I've heard this story a million times, but I've heard conflicting reports that he was actually fairly wealthy near the end of his life and basically stayed in lavish hotels. I've heard the myth stems from a misunderstanding of some hotel room debts he accrued.
Late in his life, he moved to different hotels twice, due to unpaid bills. He spent his last ten years living in the New Yorker hotel (a quite new hotel when he first moved there in 1933 - it had only been built in 1930).
He was supported financially by the Yugoslavian government (including during WWII when they were a government-in-exile). When he died, his Yugoslavian pension was US$500 or $600 per month (I've seen both quantities given in sources). Westinghouse was also supporting him with $125 per month + paying his hotel bill. This was a large sum of money! Even if his Yugoslavian pension was "only" $500 per month, his annual cash income was worth about US$116,000 in current US dollars, and estimating by the New Yorkers' cheapest room rates, his rent might have been worth another $40,000 per year in current dollars.

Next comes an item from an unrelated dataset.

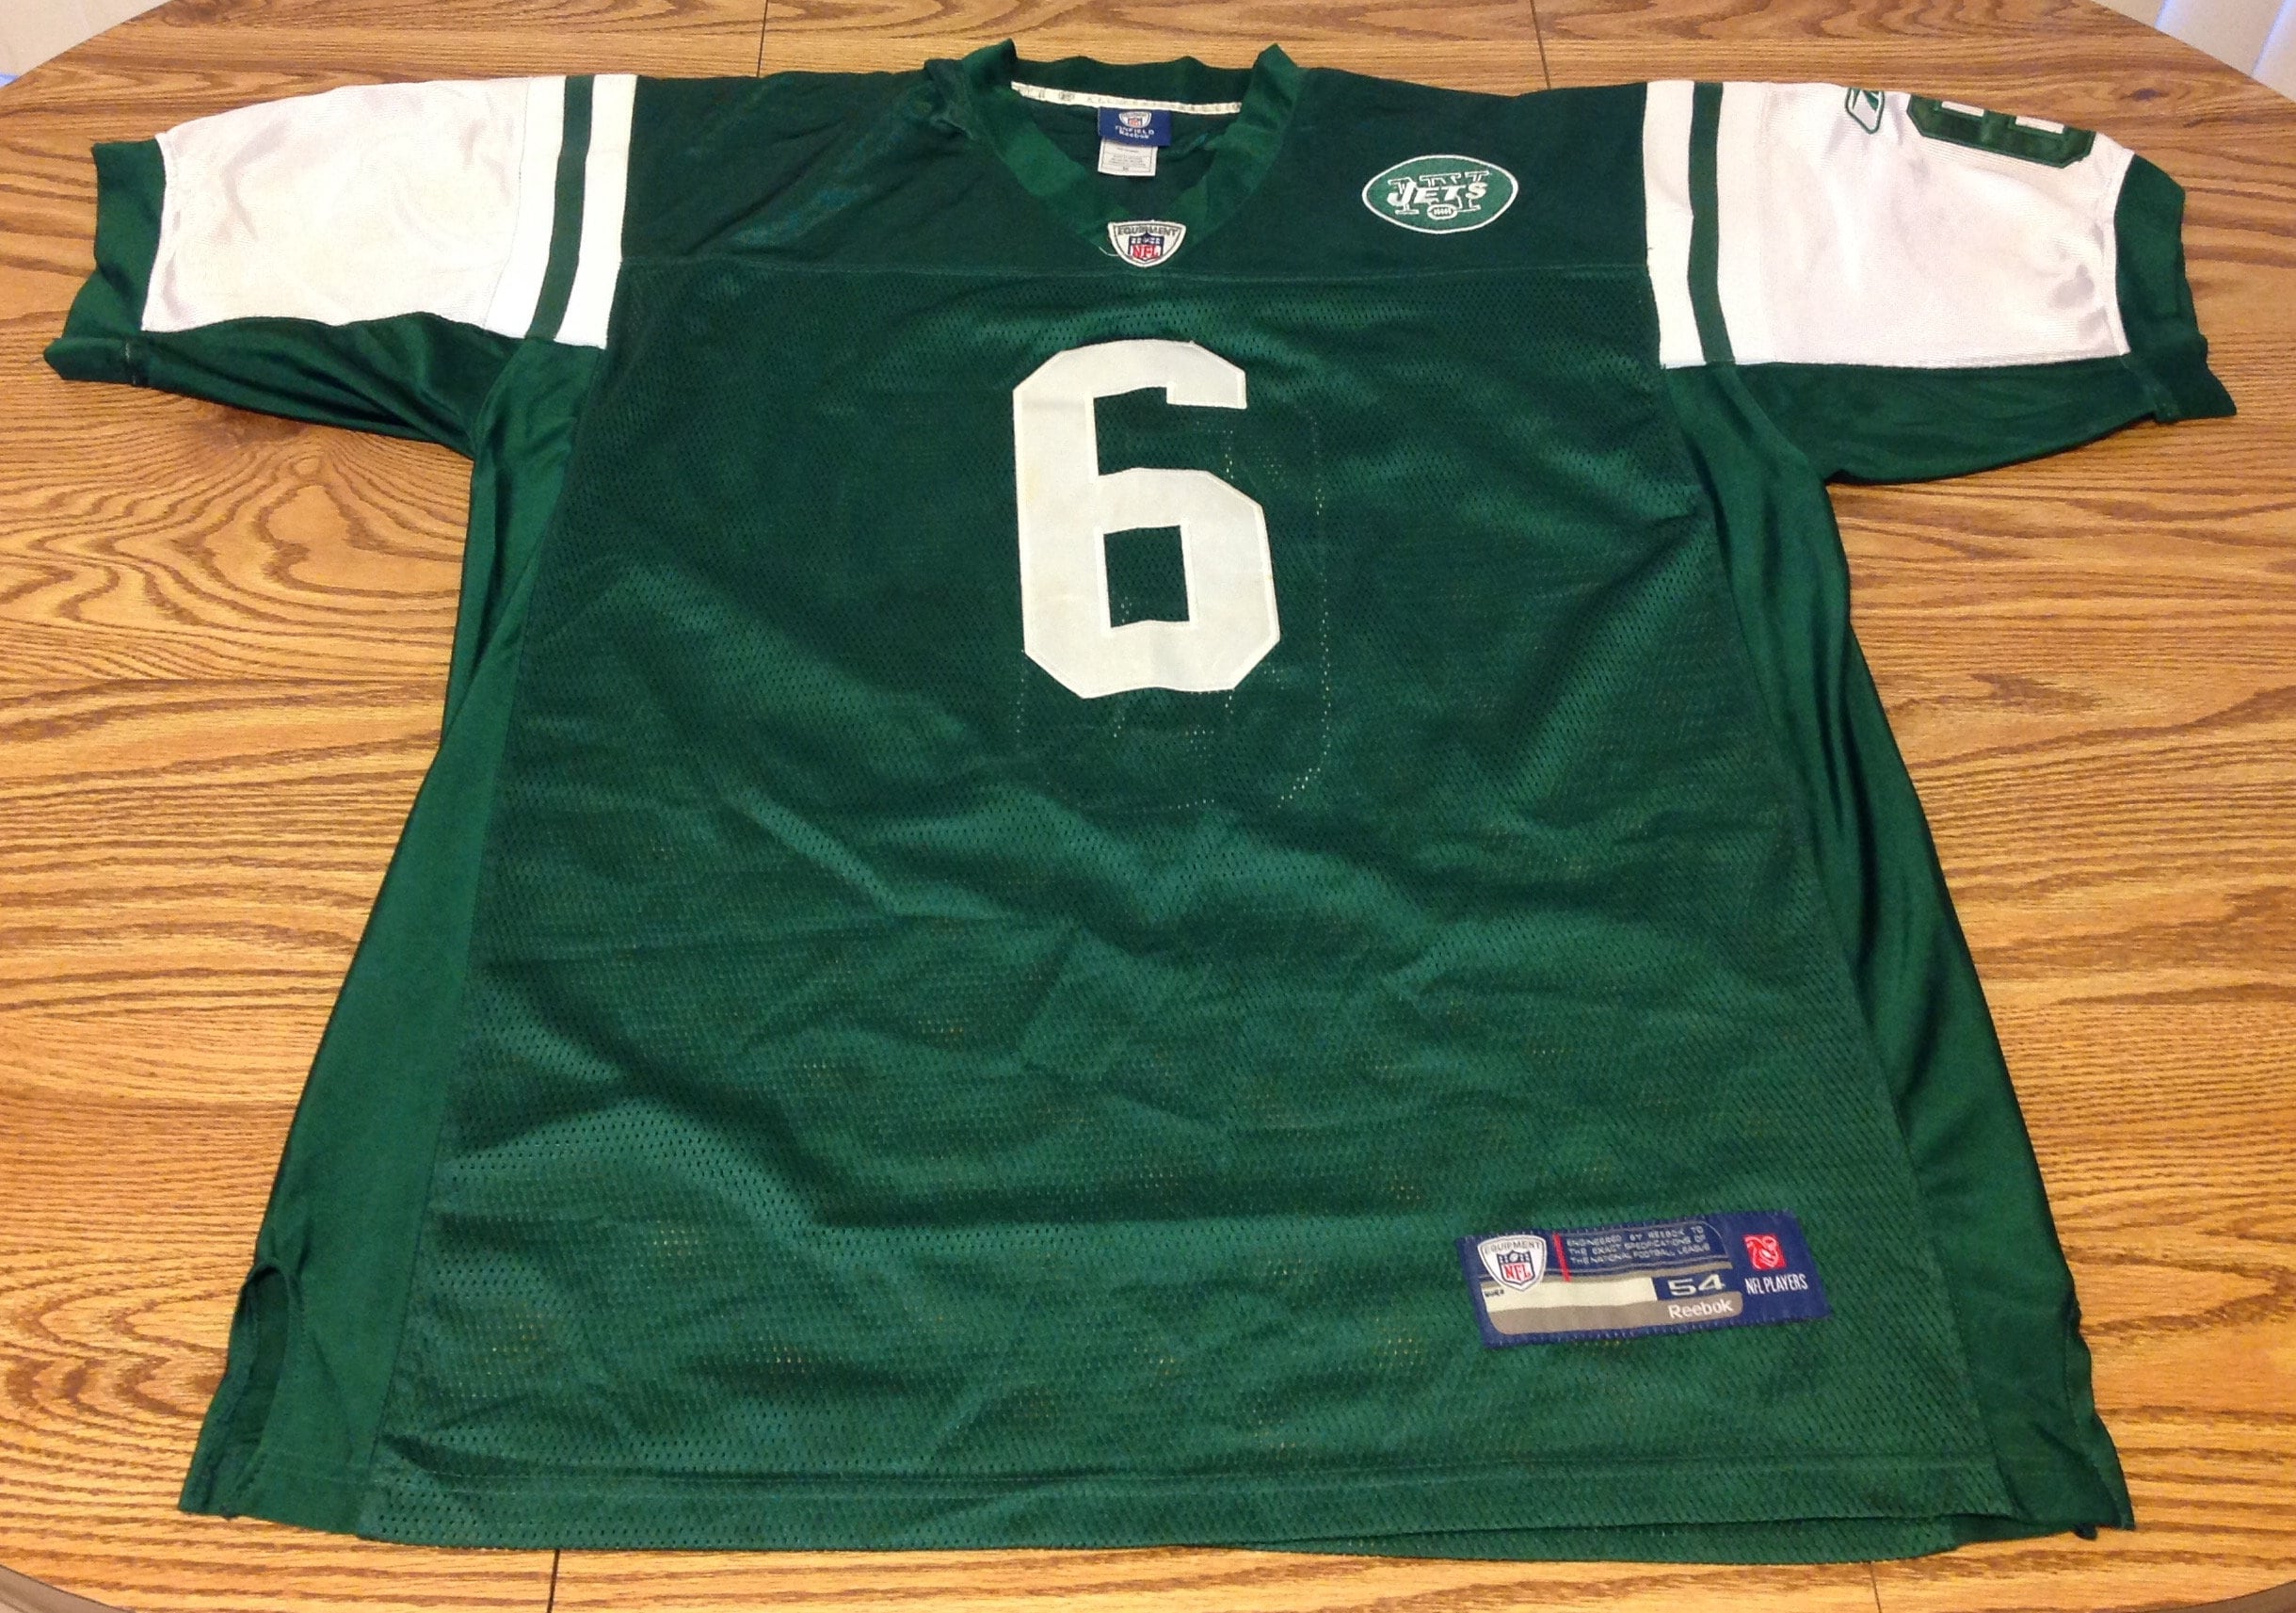 Nike Mark Sanchez New York Jets Youth Game Jersey - White

On the other hand, he seems to have spent this money quite freely. He put plenty of money into his research, which he still continued, and also spent freely outside research (except on hotel bills)! Whether or not he had money, he doesn't appear to have liked paying hotel bills. The Governor Clinton Hotel wanted him to pay his $400 bill (about $6,000 in current dollars), he gave them a "death ray" in box, with instructions to not open the box. Since this death ray was supposedly worth $10,000, they accepted it. After Tesla's death, the box was opened, and found to contain a resistance box, a common electrical measurement device. He doesn't appear to have had any significant savings at the end of his life, and by that standard, he could be called "penniless", despite his substantial income.